[AVAILABLE DATA]:
== Segment start ==

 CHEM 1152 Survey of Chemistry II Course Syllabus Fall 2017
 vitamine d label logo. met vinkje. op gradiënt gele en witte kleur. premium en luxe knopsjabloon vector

== Segment end ==
== Segment start ==

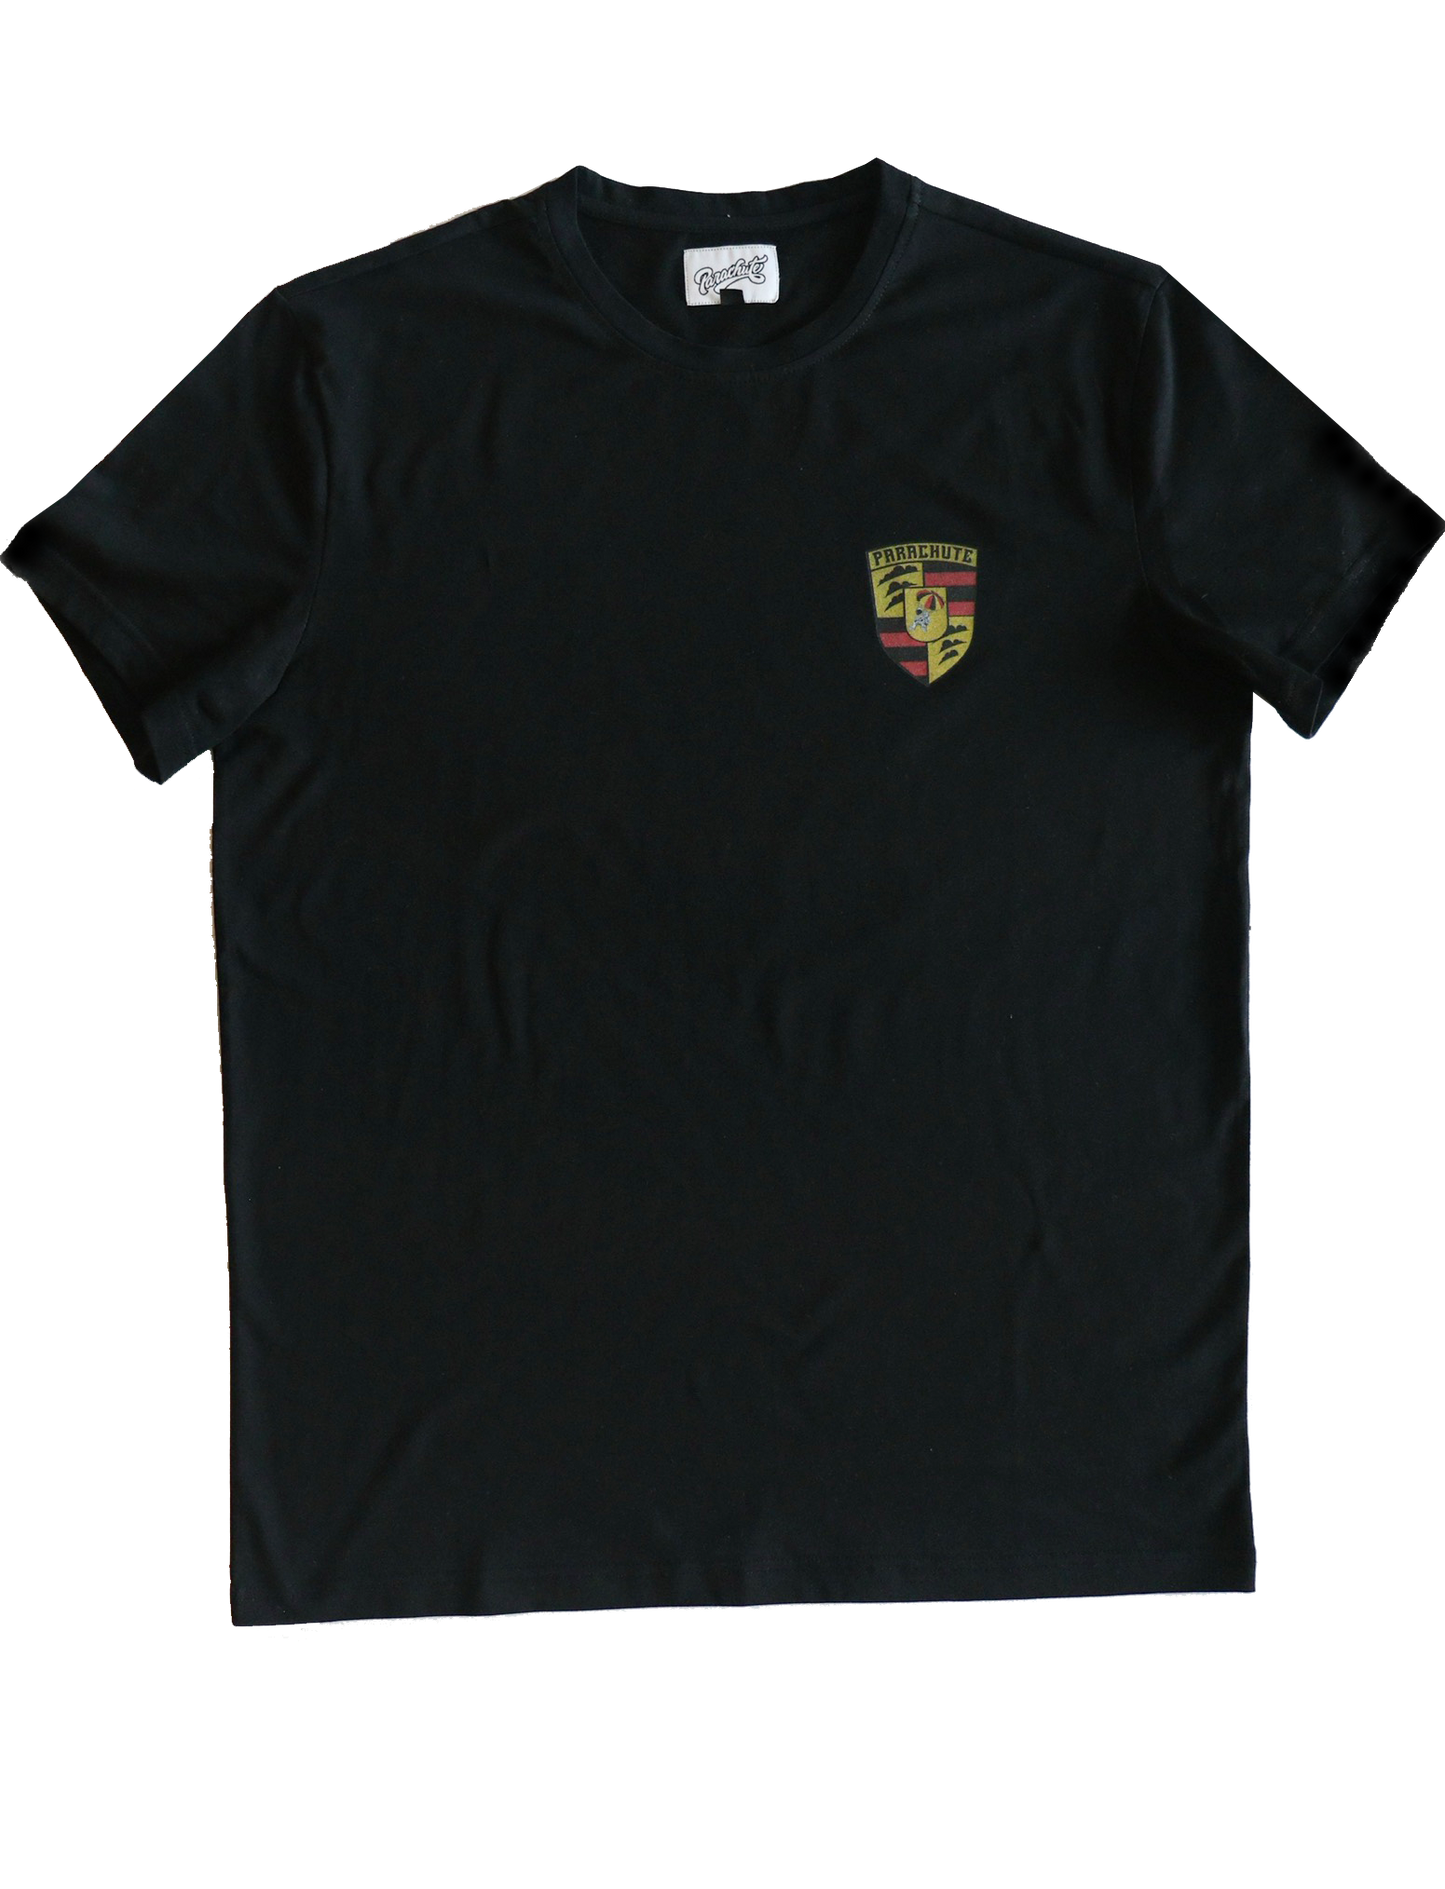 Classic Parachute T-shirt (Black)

== Segment end ==

[GOAL OF THE EXERCISE]: From the line that has "CHEM 1152 Survey" through the line that has "vitamine d label", copy every line exactly as it appears above, and leave out all others.

[ANSWER BOX]:
 CHEM 1152 Survey of Chemistry II Course Syllabus Fall 2017
 vitamine d label logo. met vinkje. op gradiënt gele en witte kleur. premium en luxe knopsjabloon vector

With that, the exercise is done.